So I think that needs to be our attitude as well. We're not called first and foremost to be the morality police, although it's very important for us to take morality seriously. We're called to make disciples of all nations. My experience in terms of trying to pursue making disciples, is that relationship leads to conviction. It doesn't tend to be the other way around. God has held off that definitive judgment in order to establish relationship. If we are to follow him in making disciples of all nations, we need to do the same and make sure that our primary goal is to actually establish the relationship and bring someone into the community of Christians and then let conviction flow out of that.

Michael Davis: So guys, that is all the time we have today. Vince, sum it up for us.

Vince Vitale: Well, I think it's been a really encouraging episode. I mean, we've talked about the way that Jesus provides us with freedom from our shame. What an incredible aspect of the Gospel that is. Then we've talked about the way that Jesus transforms judgment, makes it the case that we don't have to set ourselves up as judge. He is judge, and yet he transforms judgment on the cross. That's how much God doesn't want to judge people. I find that so amazing. He doesn't want to judge people to such an extent that He would rather come and be judged Himself and give His life.

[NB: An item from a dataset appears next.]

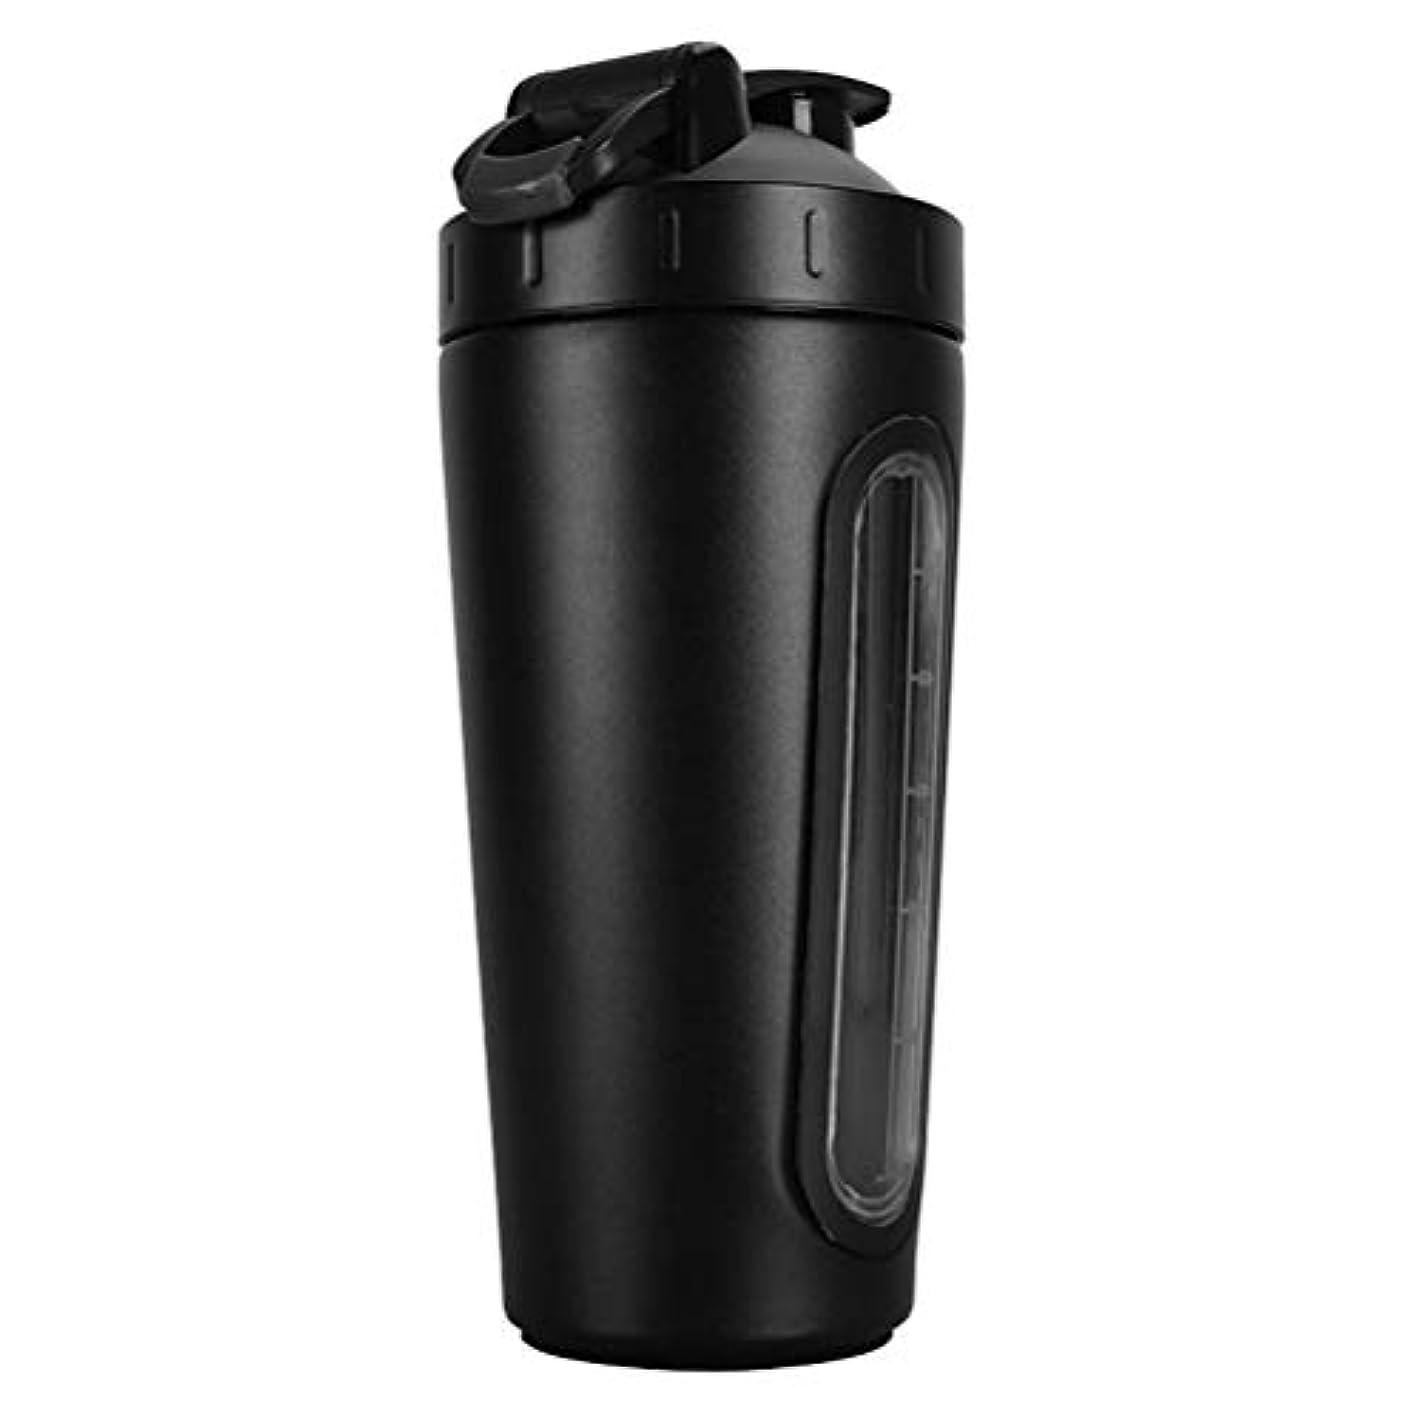 是正するギャラリー実現可能性Erose-BD 2019新型 304ステンレスプロテインシェイカーボトル プロテインシェイカー シェイカー ボトル 水筒 ウォーターボトル (800ml) 1個 黒

Now, that doesn't mean that you'll never point out things and try to encourage a friend and spur them on to live the life that God has called them to, but it does mean that we need to have our heart in the right place, as God's heart is in the right place. God is pictured as weeping when He has to judge us both in the Old Testament and in the New Testament. So maybe just a final thought on this final question. When we are in a position where we are making a judgment and trying to encourage a friend in the life that they are living and that requires maybe a strong word from us or a strong challenge, do we do it through tears? I think if we can answer that question affirmatively, that will show us that the reason that we're taking that step in a person's life is because we want to take seriously Jesus' call for us to make disciples of all nations and because we love them and we want that to lead to their repentance and ultimately because we want to be further united in the community of God's people.

So freedom from shame and then the transformation of judgment. because Jesus took that judgment and because he holds off that judgment now so that he can enter into relationship with each one of us.